* **What to work on**
Below this sentence is a listing; return exactly its lines from the one with "Tenga Egg Variety" to the one with "Oltremare - Russia", both kept, and nothing more.
::: Data supplied
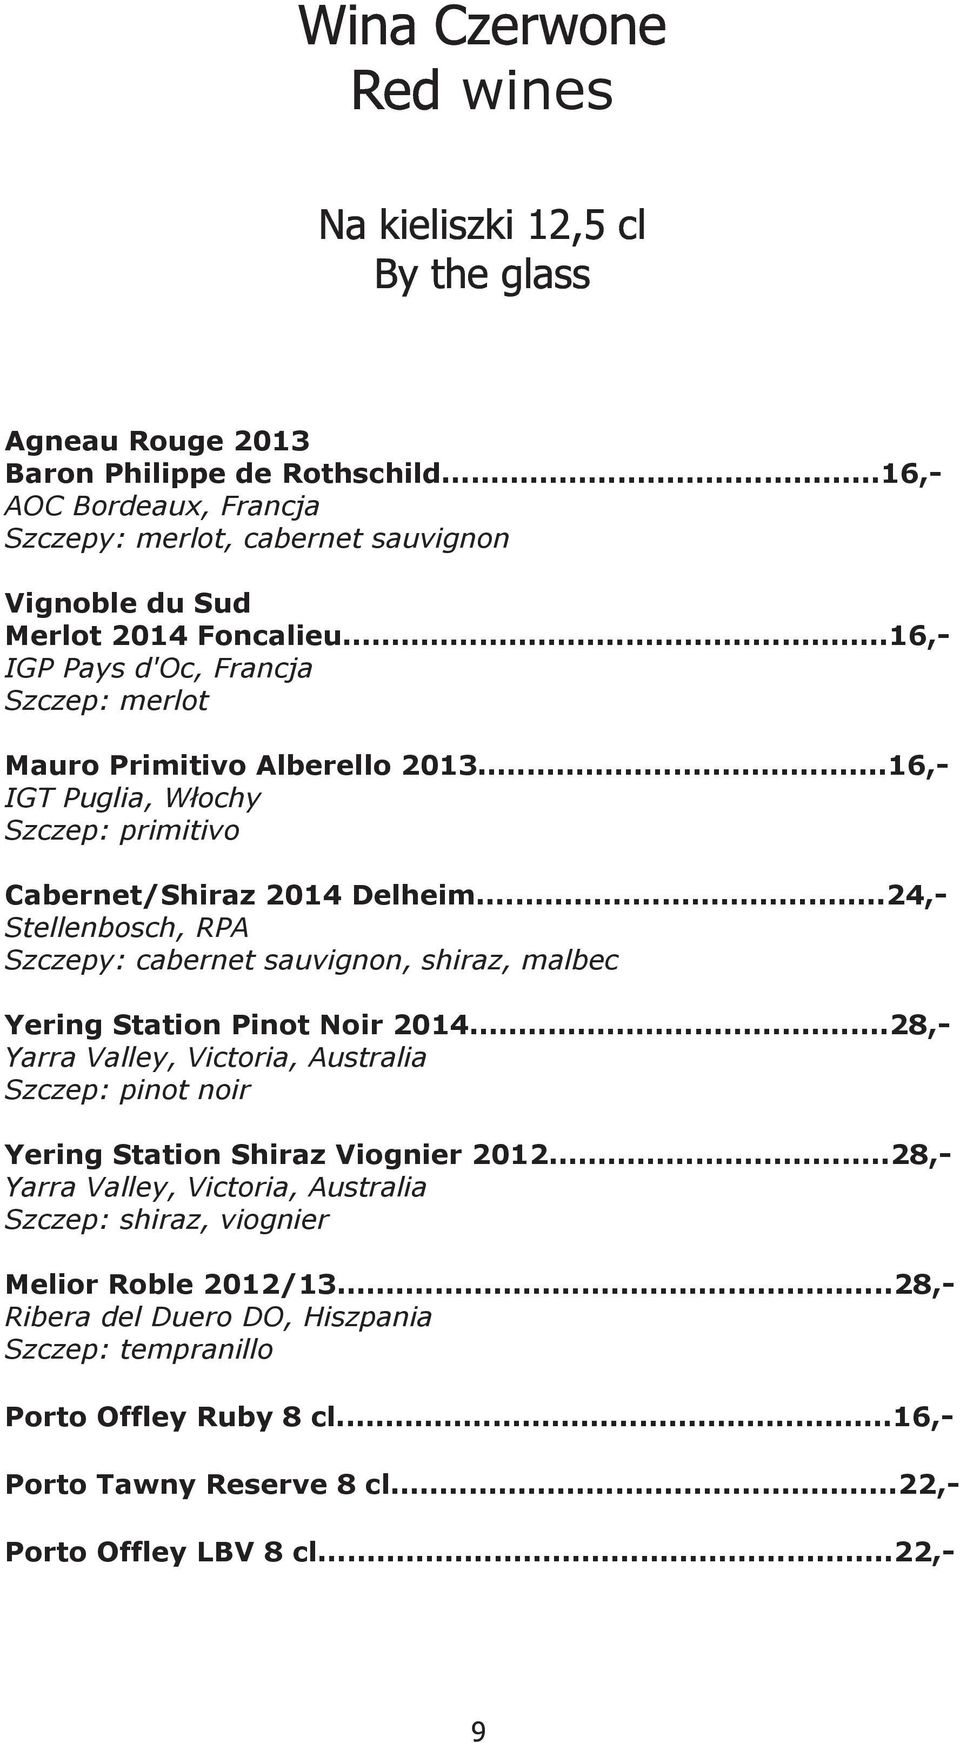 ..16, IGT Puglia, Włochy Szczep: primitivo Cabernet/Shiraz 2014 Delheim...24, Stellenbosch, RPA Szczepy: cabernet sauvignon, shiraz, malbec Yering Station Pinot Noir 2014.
::::::
::: Data supplied
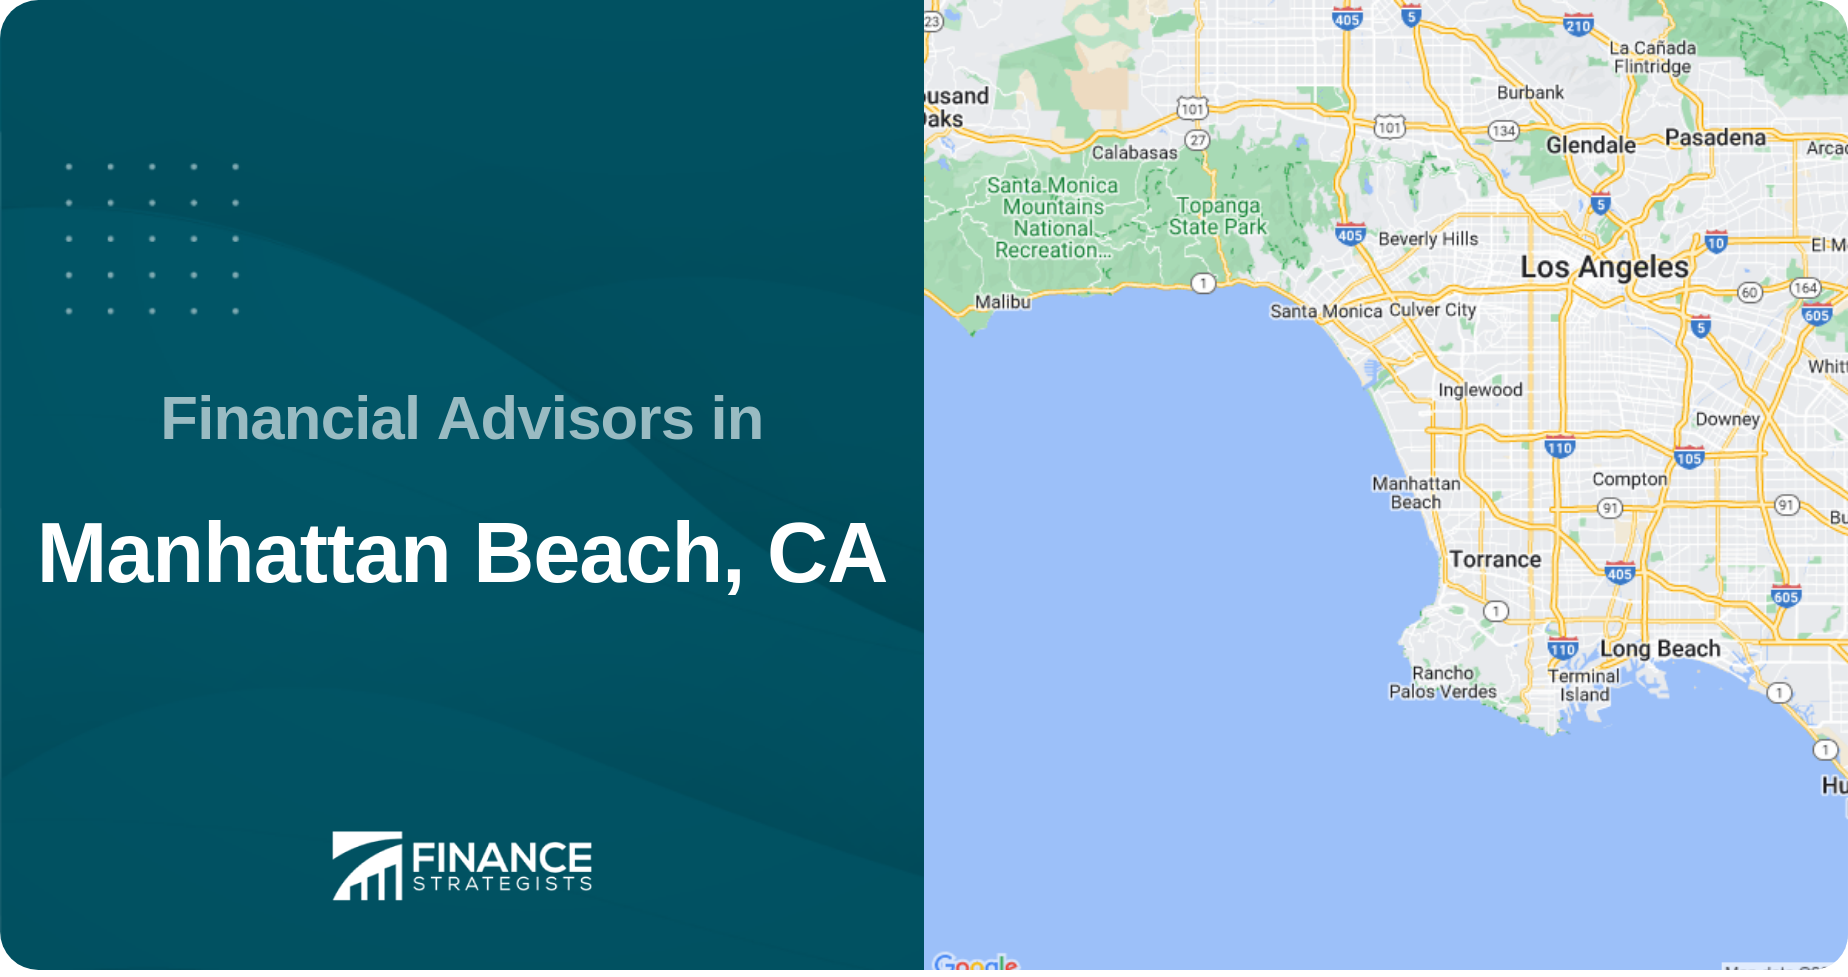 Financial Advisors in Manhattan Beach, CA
::::::
::: Data supplied
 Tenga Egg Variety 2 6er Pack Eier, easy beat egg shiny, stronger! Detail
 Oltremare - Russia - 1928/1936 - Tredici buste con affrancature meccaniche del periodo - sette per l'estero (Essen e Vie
::::::
* **Finished task**
 Tenga Egg Variety 2 6er Pack Eier, easy beat egg shiny, stronger! Detail
 Oltremare - Russia - 1928/1936 - Tredici buste con affrancature meccaniche del periodo - sette per l'estero (Essen e Vie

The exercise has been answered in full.